▶ [What to work on] Output the full listing below exactly; the images stay out.

▶ [Given information]
*** Begin section ***

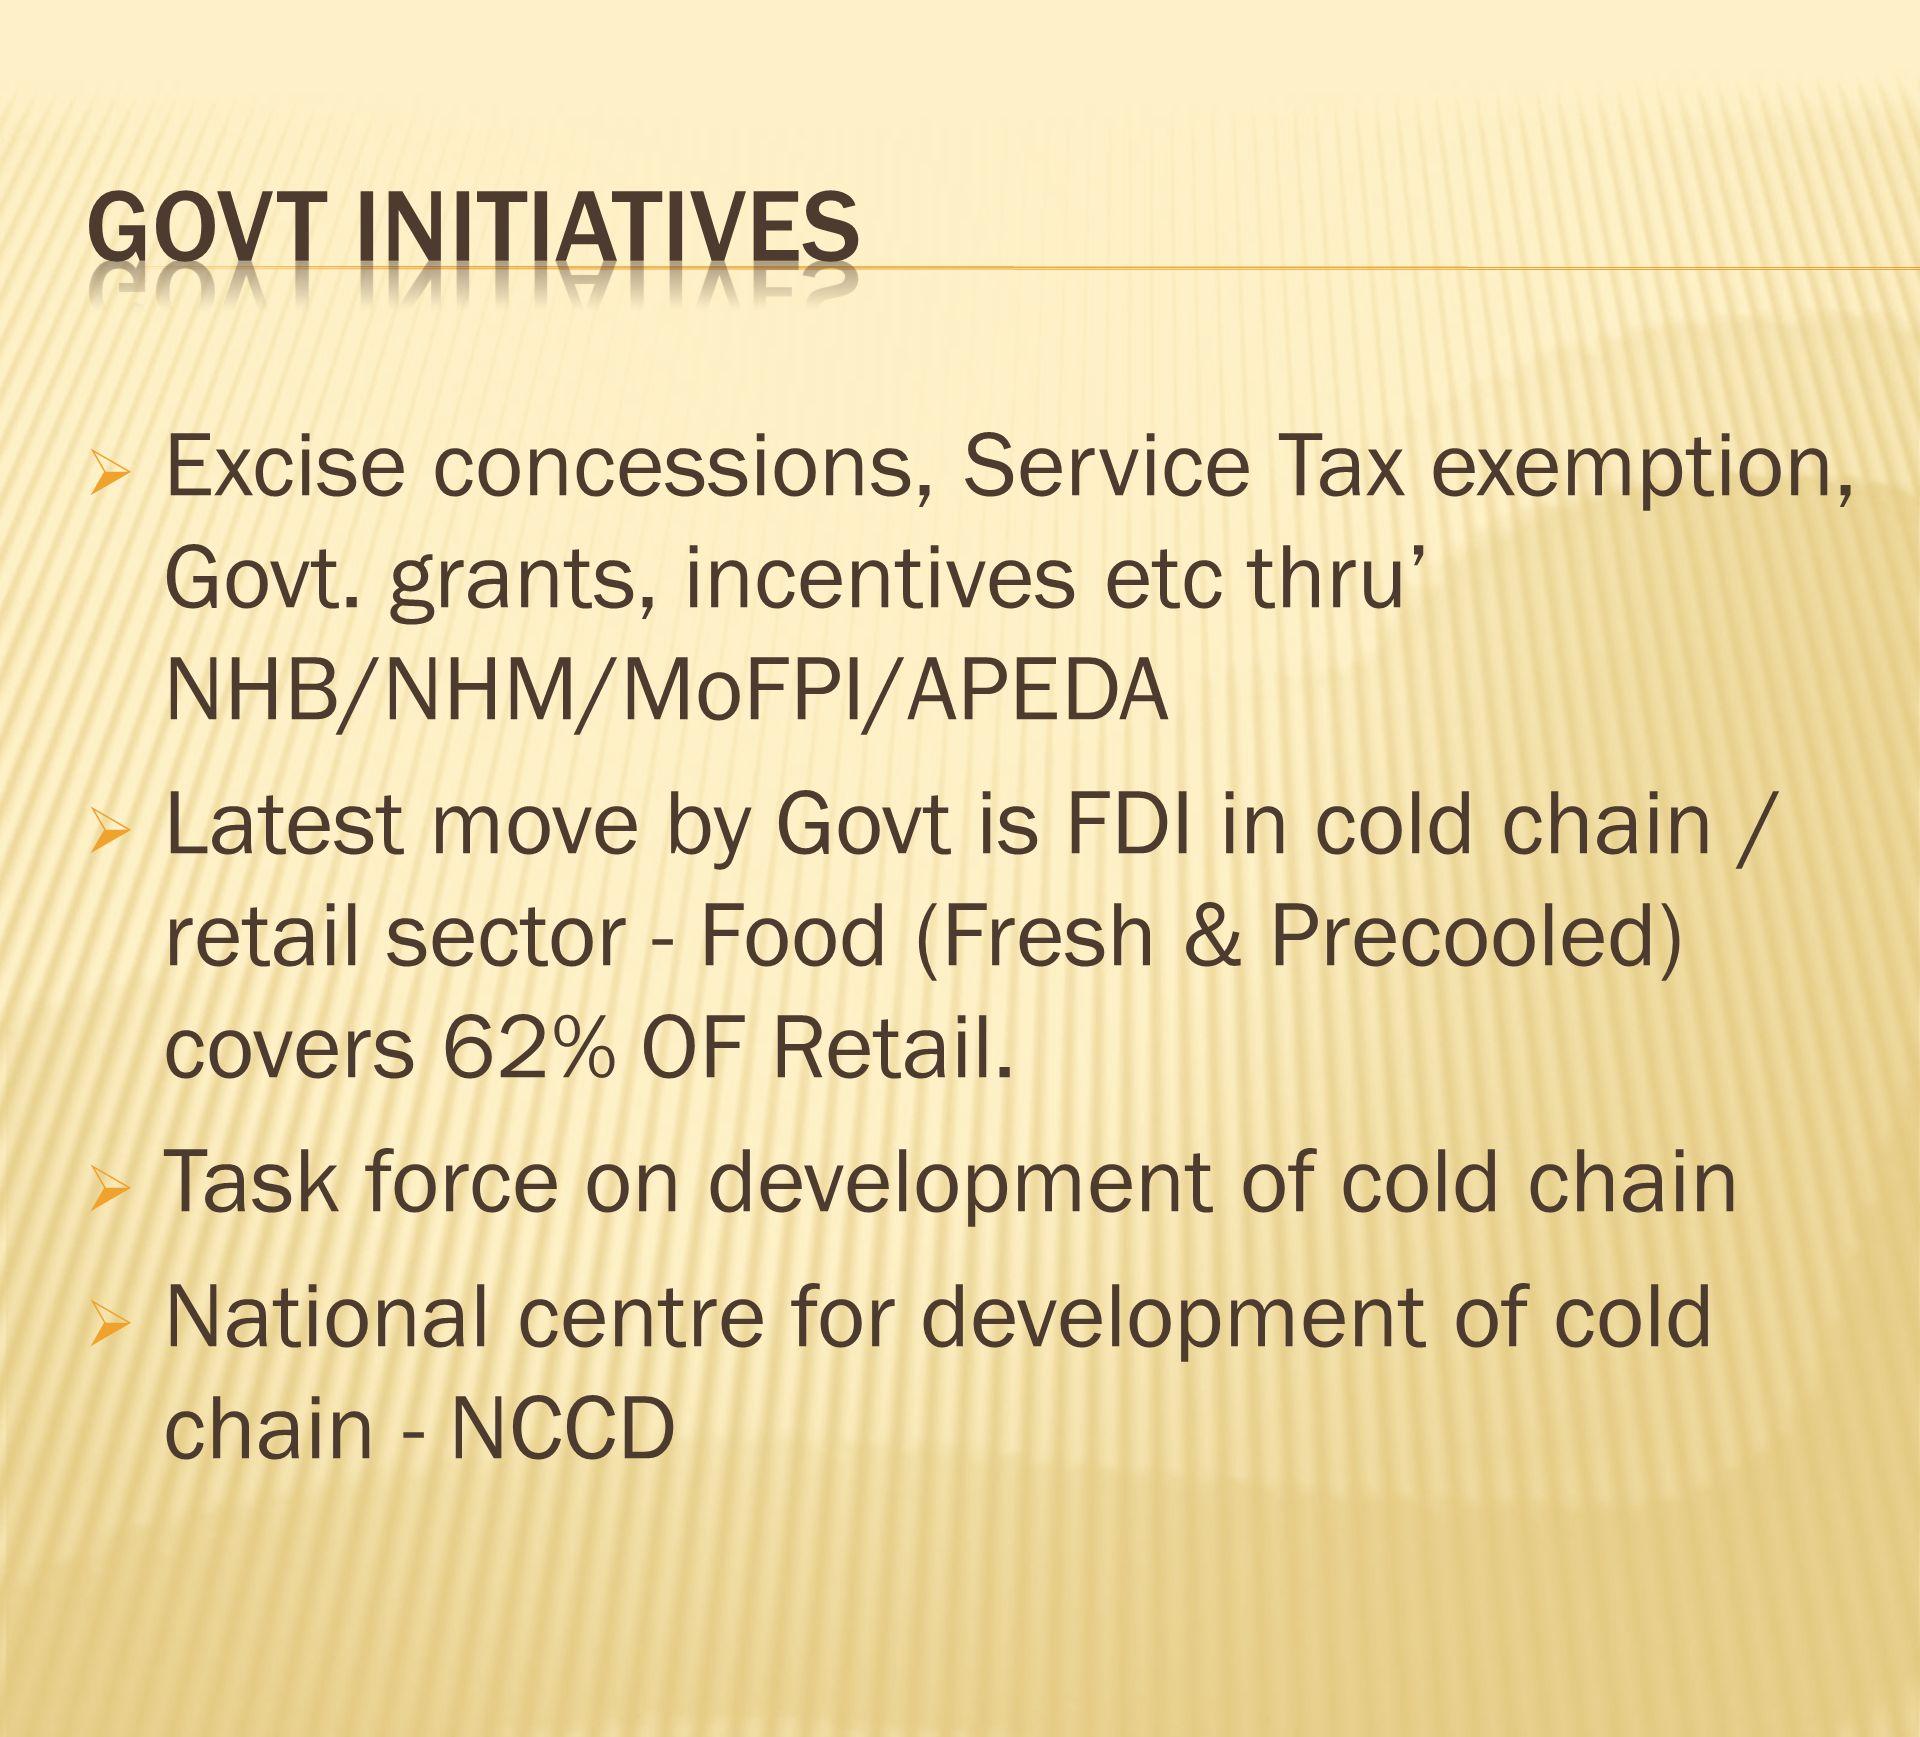 Govt initiatives Excise concessions, Service Tax exemption, Govt. grants, incentives etc thru' NHB/NHM/MoFPI/APEDA.
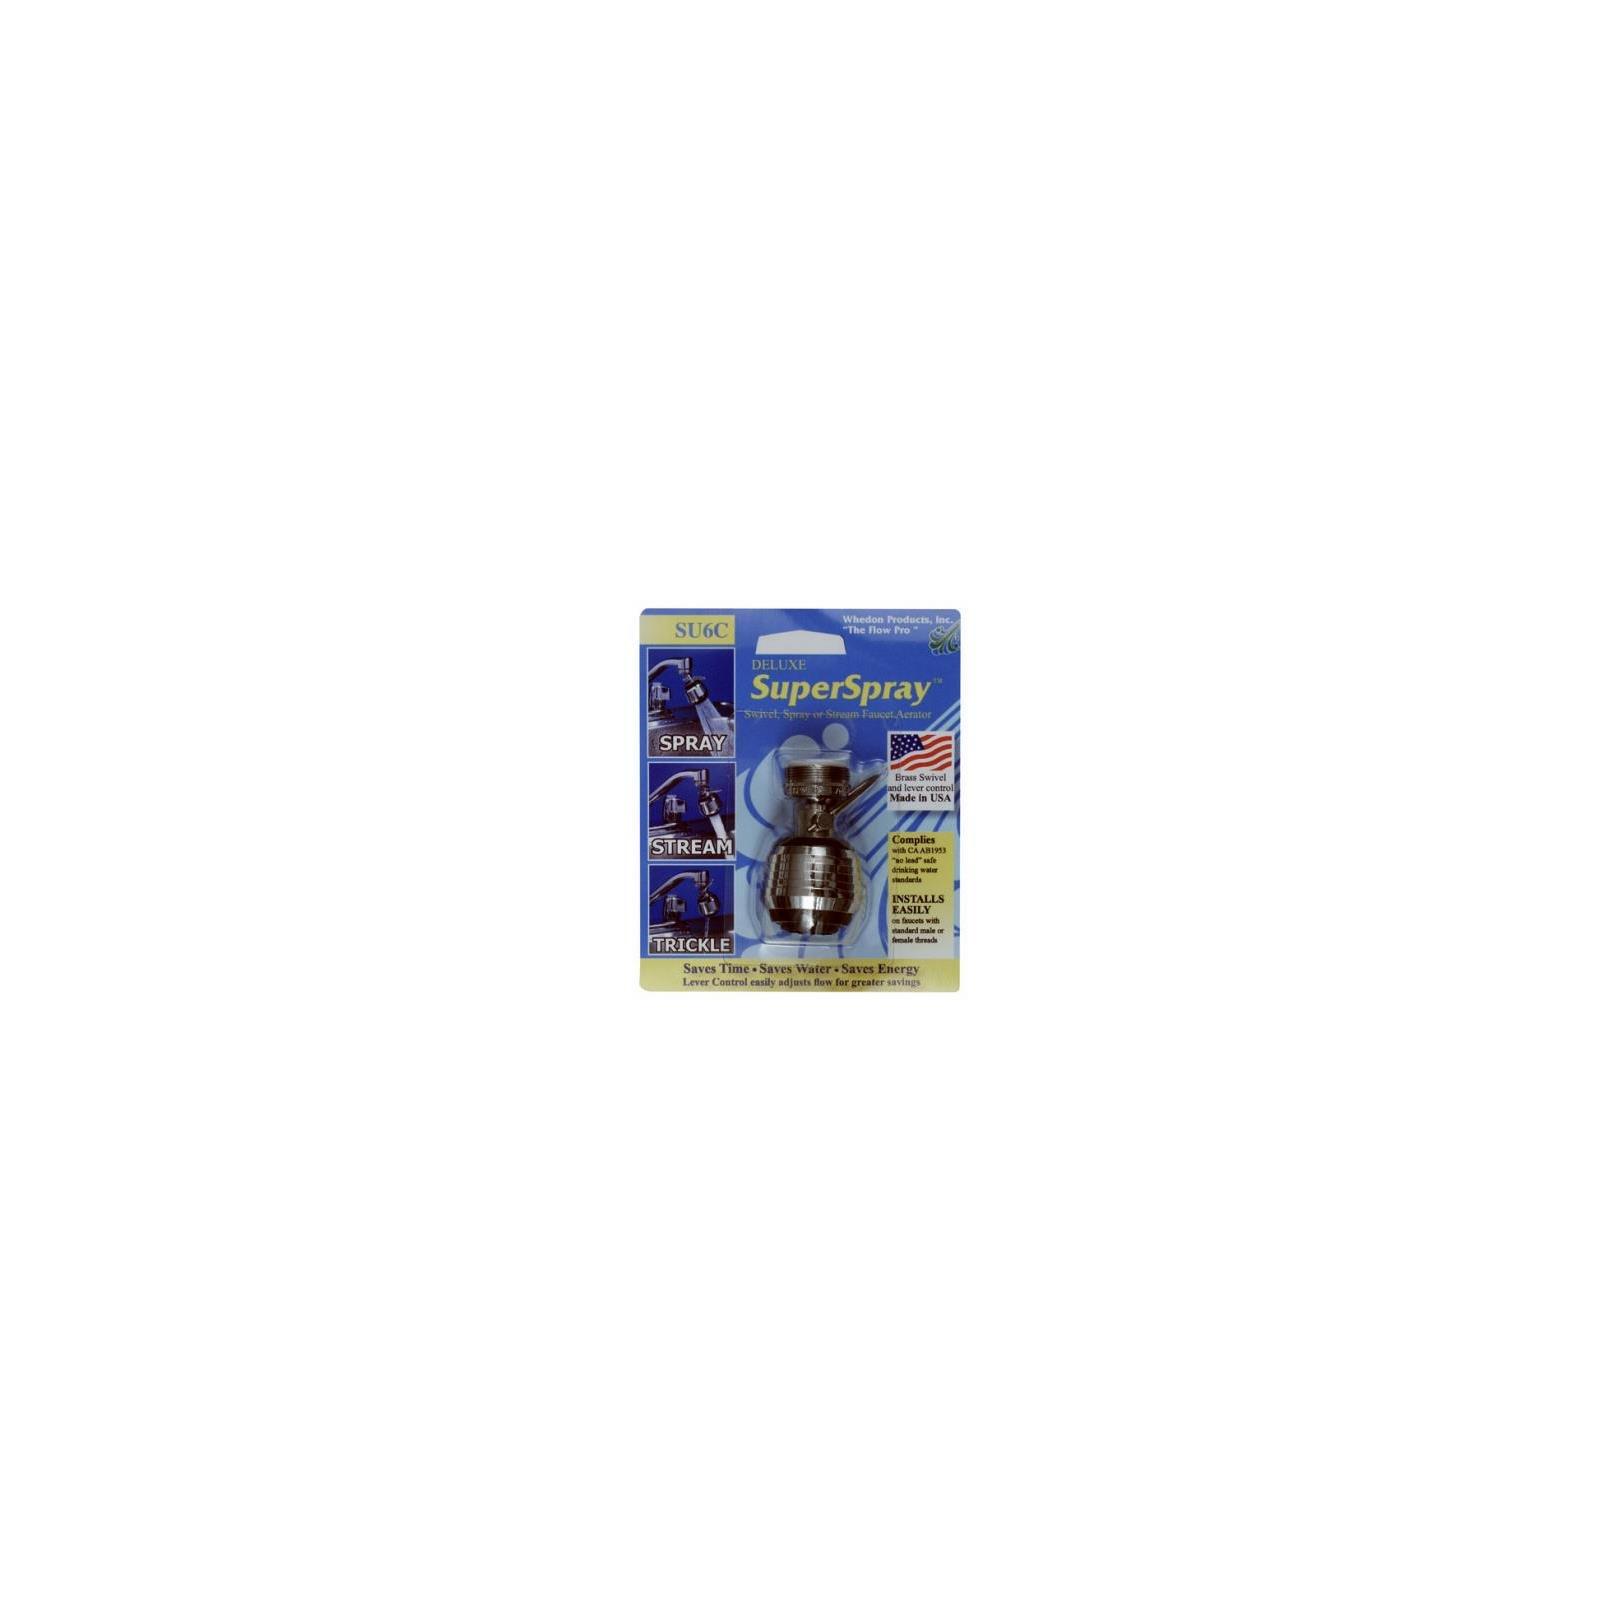 Whedon Products SU6C Deluxe Super Spray & Stream Swivel Aerator with Lever Control, Lead Free - Quantity 8
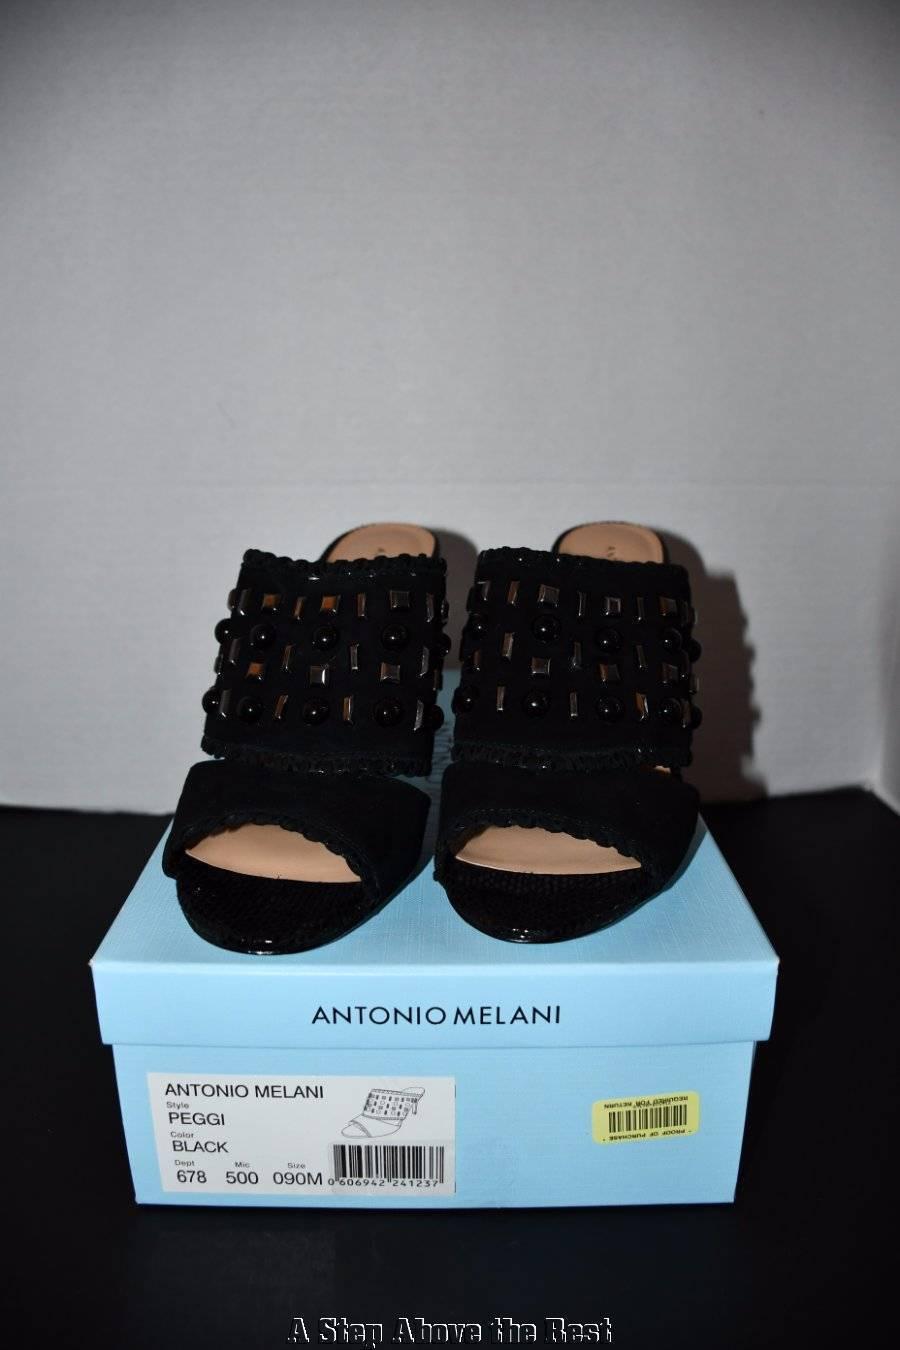 Antonio Melani Peggi Studded Leather Peep Toe Dress Mules Size 9M NIB
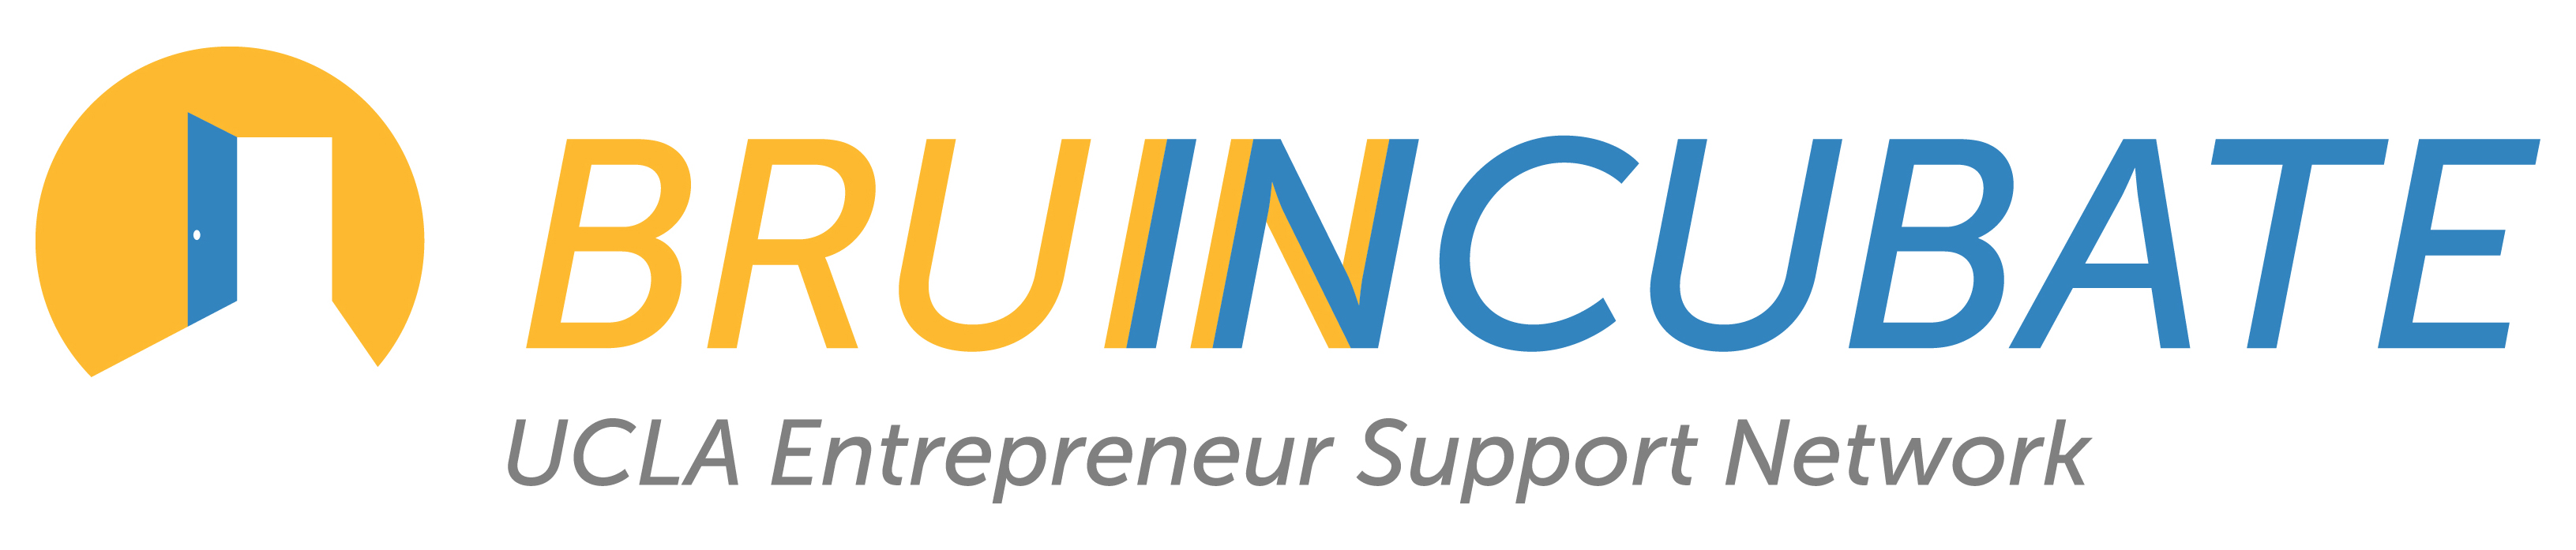 UCLA_bruincubate-logo-final_copy.jpg

*** End section ***

▶ [Response below]
 Govt initiatives Excise concessions, Service Tax exemption, Govt. grants, incentives etc thru' NHB/NHM/MoFPI/APEDA.
 Whedon Products SU6C Deluxe Super Spray & Stream Swivel Aerator with Lever Control, Lead Free - Quantity 8
 Antonio Melani Peggi Studded Leather Peep Toe Dress Mules Size 9M NIB
 UCLA_bruincubate-logo-final_copy.jpg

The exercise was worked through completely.